Saat ini--27 Oktber 2010--sedang berlangsung pameran karya teman-teman ‘Sanggar Nuun’ di Gd. Multipurpose sayap timur. Dari common sense saja sudah akan terlihat bagaimana karya-karya dalam pameran ini dibuat. Kebebasan untuk berekspresi, kata mereka tentunya. Dalam ruangan yang relatif sempit itu, mereka mencoba merdeka dengan mengembangkan ide dalam karya. Makna kebebasan bagi mereka sangat kentara dengan realisasi—praktek—yang mereka tampilkan. Lebih jauh, silakan datang dan menikmatinya dengan kebebasan Anda sendiri.
Setiap sesuatu butuh kebebasan, tak terkecuali. Itu tesis awal saya—meski terasa Ge eR Sekali karena merasa yang paling pertama mencetuskan hal ini. Manusia layak dimintai pertanggungjawaban oleh tuhan karena manusia adalah agent of liberality. Manusia butuh bebas untuk menjadi bebas. Tanpa kekangan, tanpa paksaan, bahkan dalam hal keberagamaan sekalipun. Muhammad tentu saja merdeka untuk memilih susu atau anggur ketika ia ditawari jibril. Dan ia memilih susu. Ali tentu saja bebas untuk tidur di ranjang nabi--ketika dalam pengepungan kaum qurays kafir--atau memilih untuk ikut serta dalam rombongan ke madinah. Dan ia memilih tidur di ranjang itu dengan taruhan nyawanya, tapi ia merdeka menjadi dirinya sendiri, tanpa paksaan dari abu bakar atau muhammad. Saya, tentu saja juga bebas untuk memilih gaya menulis. Dan saya suka dan merdeka dengan gaya ini.

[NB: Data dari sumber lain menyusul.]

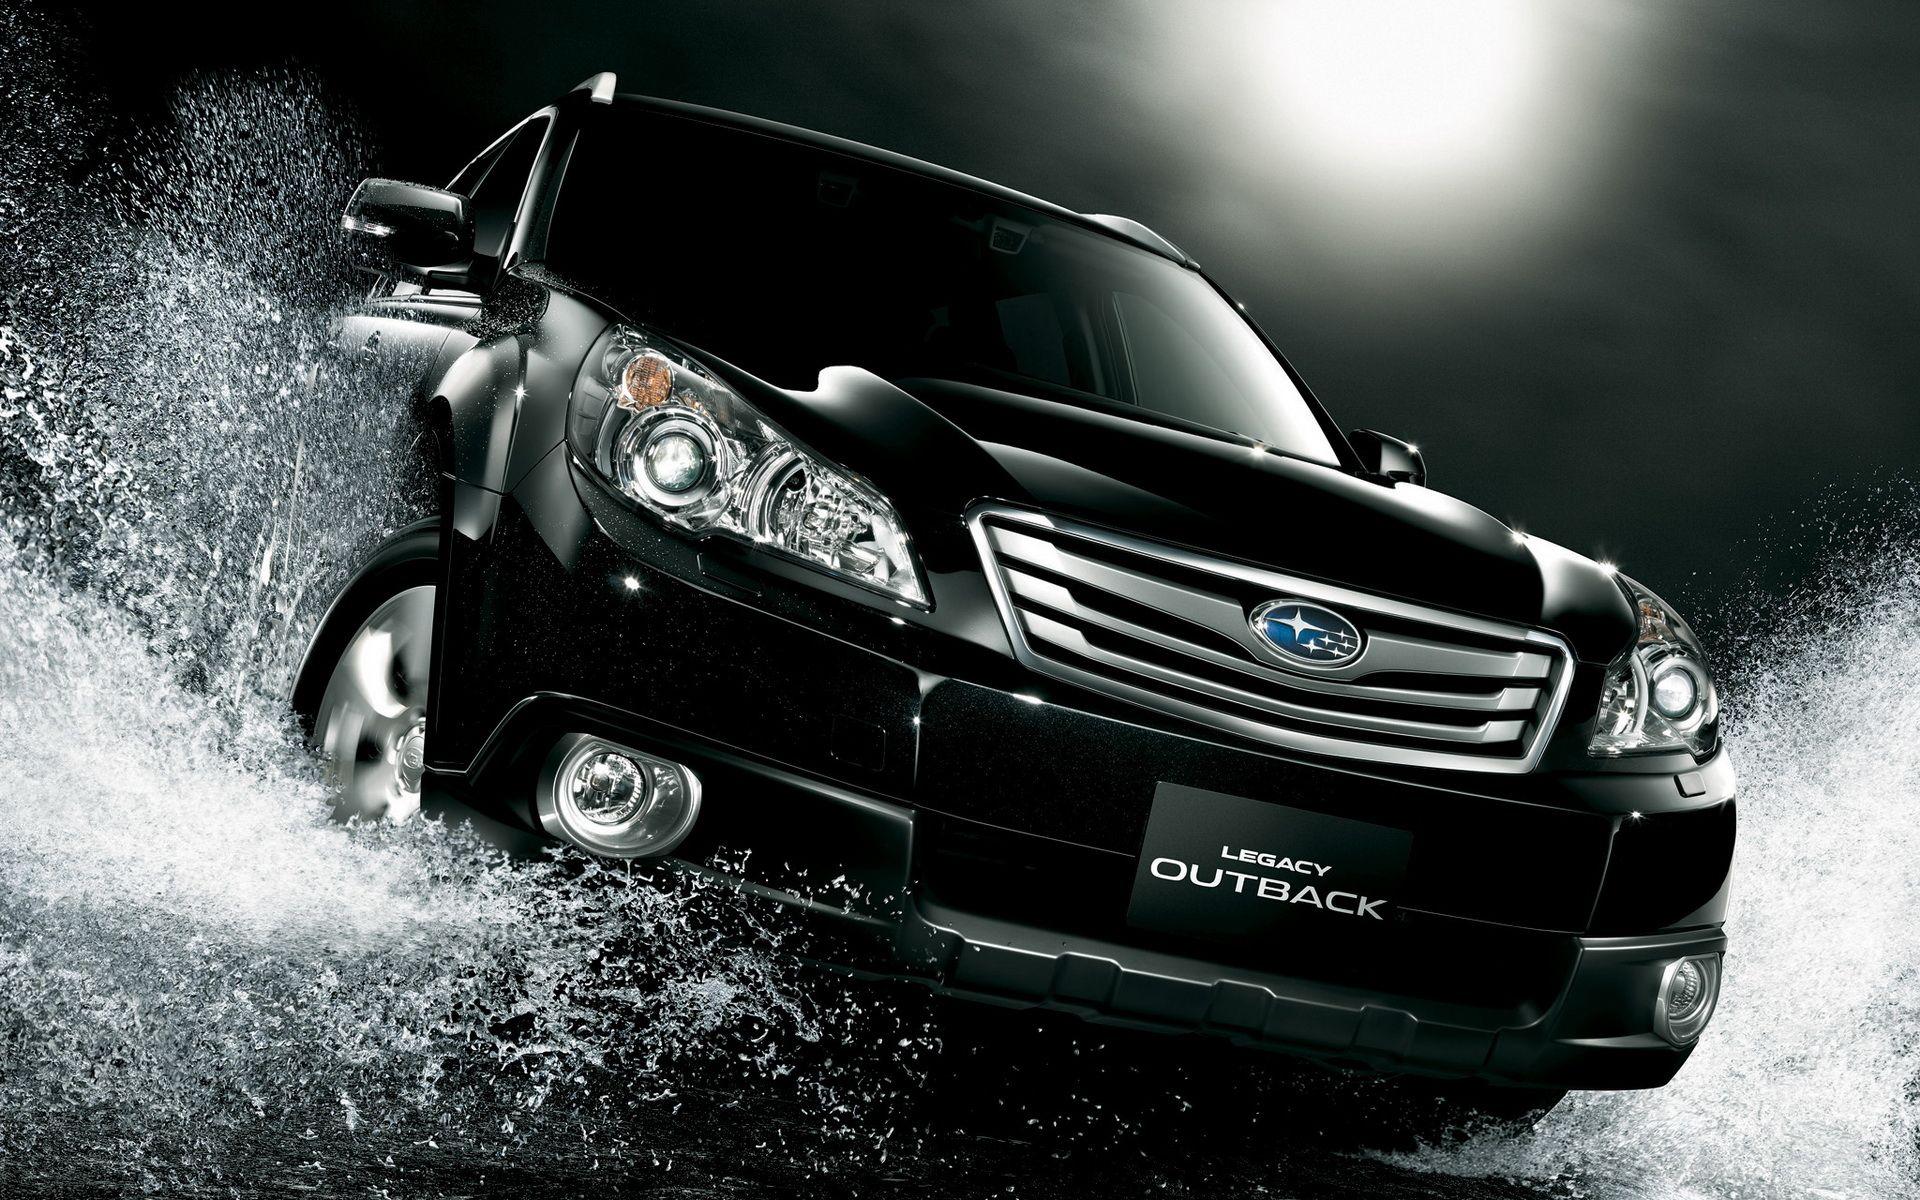 Subaru Legacy Outback 3.6r wallpaper and image

Ada satu teori menarik dalam ilmu fisika dasar--ini pelajaran fisika sma saya dulu. Ketika udara terperangkap atau diperangkap dalam ruang tertutup akan ada reaksi di sana. Ada tekanan dari dalam (karena udara yang ingin kembali bebas), volume (isi udara dalam ruangan tertutup itu), dan suhu (karena tekanan dan volumenya)--mungkin variable lain saya kesampingkan dulu. Dalam percobaan sederhana, ketika tekanan diperbesar, volume akan semakin kecil dengan kerapatan isi yang semakin besar, dan tentu saja suhu akan ikut naik. Ketika tekanan, kerapatan, dan suhu semakin besar dan terus bertambah besar tanpa ada usaha pelepasan isi, maka akan terjadi ledakan. Ledakan inilah yang kemudian akan menciptakan keseimbangan baru yang sama dengan kondisi ruangan (baca-alam).
Teori sederhana ini saya rasa cukup ampuh juga untuk membaca kondisi sosiologis masyarakat dunia secara luas. Di abad vii, di jazirah arab, ketika tingkat kebudayaan mencapai titik puncaknya--dengan mengabaikan kondisi moral-religi sebagai counter terhadap budaya, ledakan revolusi muhammad memperoleh momentumnya. Dan tercipta peradaban baru. Abad xiv-an, ketika eropa dalam titik klimaks terendahnya--terlelap dalam tidur panjang dogmatisnya--muncul ledakan di mana-mana. Di Inggris ada enlightenment. Di Prancis ada aufklarung. Di Jerman ada renaisance (kalau tidak salah). Ketika indonesia di puncak ketertindasannya, muncul gerakan pembaharuan, proklamasi, sebagai tonggak baru mengganti sistem lama (kolonialism) yang tidak mengenakkan.
Pertanyaan sederhana dan mendasar saya kemudian mengapa diharuskan selalu ada ‘tekanan’ dalam setiap perubahan? Peradaban seakan-akan diharuskan juga untuk berada dilevel nadzirnya. Tidak bisakah sebuah perubahan radikal itu berjalan pada proses ‘tanpa kebodohan dan tekanan’ misalnya. Tak bisakah kita langsung dari awal menjadi orang yang memilih secara bebas untuk menjadi ‘jujur’? tapi pertanyaan-pertanyaan itu saya kembalikan lagi pada sistem pemikiran saya. Bagaimana mau berubah jika memang dari awal sudah baik. Apa yang musti dirubah lagi jika sistem sudah berada pada titik keseimbangannya?. Hmm, menjadi pertanyaan penjawab kerisauan saya akhirnya. Kalau anda berpendapat lain, silakan! Karena siapapun bebas untuk berbicara atau memilih diam. Are You fell the freedom today?


[1]Open English Dictionary, whatever You have and find the term ‘liberals’ and ‘liberal’!